Bash’s $_ variable (last argument)

A few weeks ago, I found out about the incredibly useful Bash variable $_, which means “the last argument of the last command executed”.

It’s kind of similar to Perl’s $_ var in some ways, and can save a lot of typing.

Here’s an example of it in use:


[davidp@supernova:~]$ ls -l /var/log/apache/access_log
-rw-r--r-- 1 root root 33771565 2007-07-04 07:48 /var/log/apache/access_log
[davidp@supernova:~]$ echo $_
/var/log/apache/access_log

Notice that when I echo’d $_, it contained the last argument of the previous command.

Now for a more useful, real-world example – changing ownership and permissions on a file:


chown davidp:users /some/long/path/file && chmod g+rx $_

Using $_ in the chmod command saved a good bit of typing – obviously the $_ will contain the path to the file we’re talking about, as it was the last argument to the previous command.
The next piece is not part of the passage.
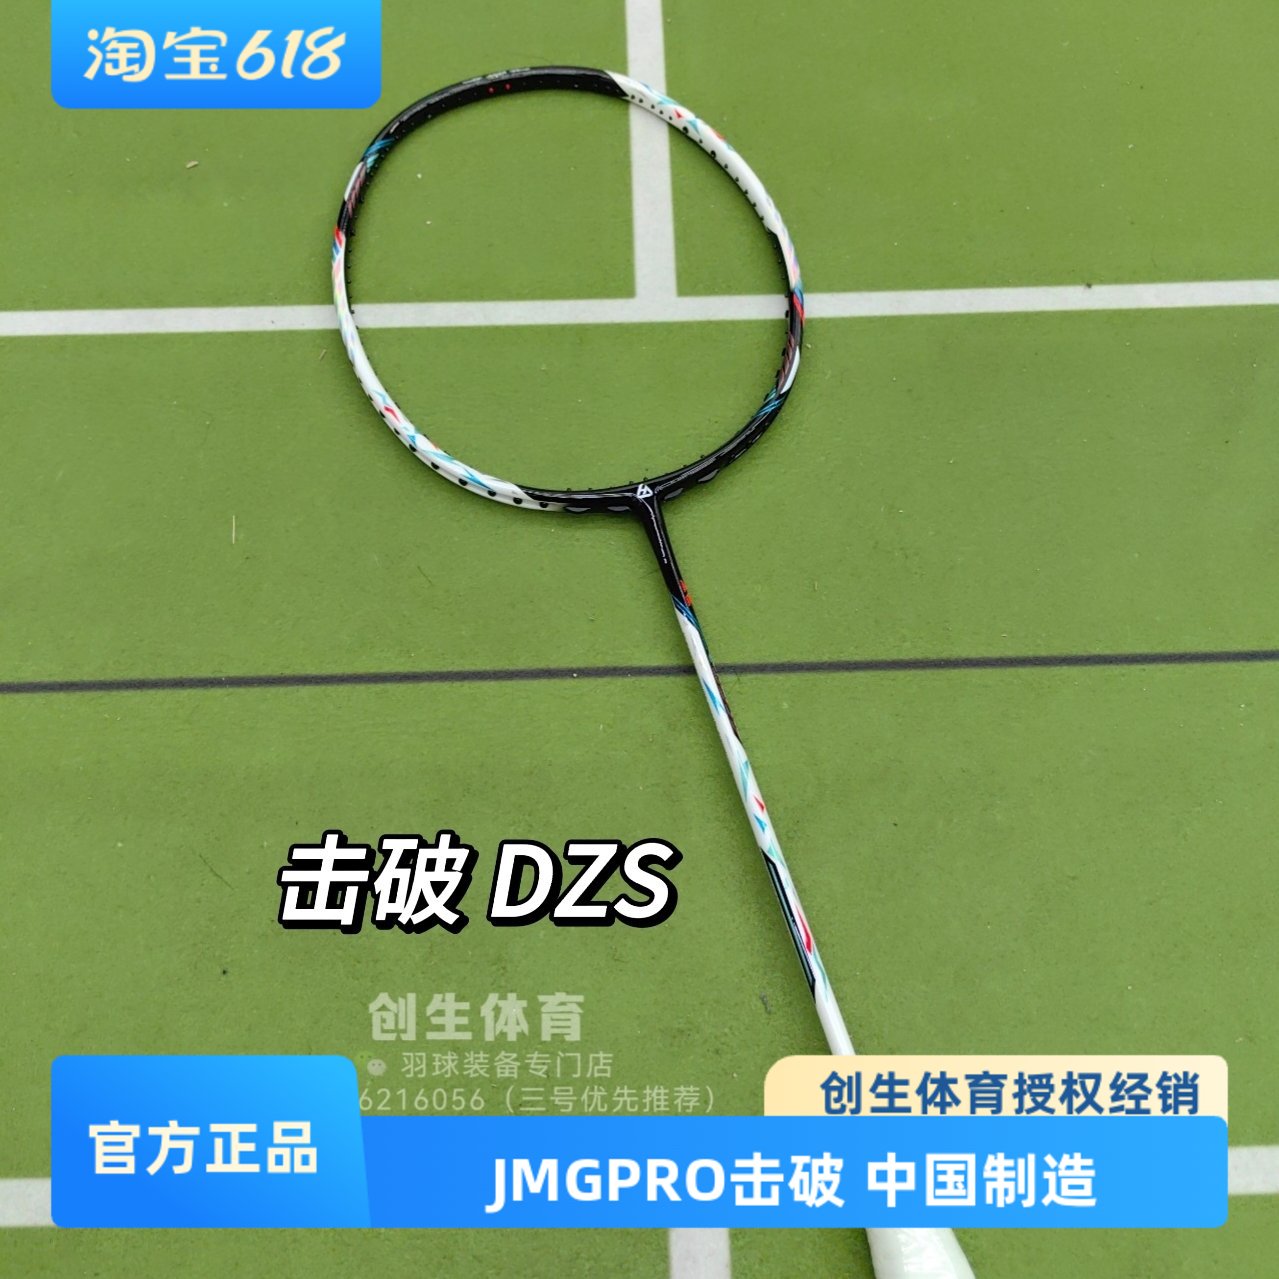 【创生体育】JMGPRO击破 DZS 99LTD NF700 碳纤维高端羽毛球拍 运动/瑜伽/健身/球迷用品 羽毛球拍 原图主图

2 thoughts on “Bash’s $_ variable (last argument)”

  1. If you’re using bash interactively, then you can just use alt+. (alt+period) to “type” the last arg of the last command.

  2. The same thing applies to !$. As in:
    $ mkdir /very/very/very/very/long/filepath
    $ cd !$
    Those keys are just easier for me to reach. Preference I guess. :)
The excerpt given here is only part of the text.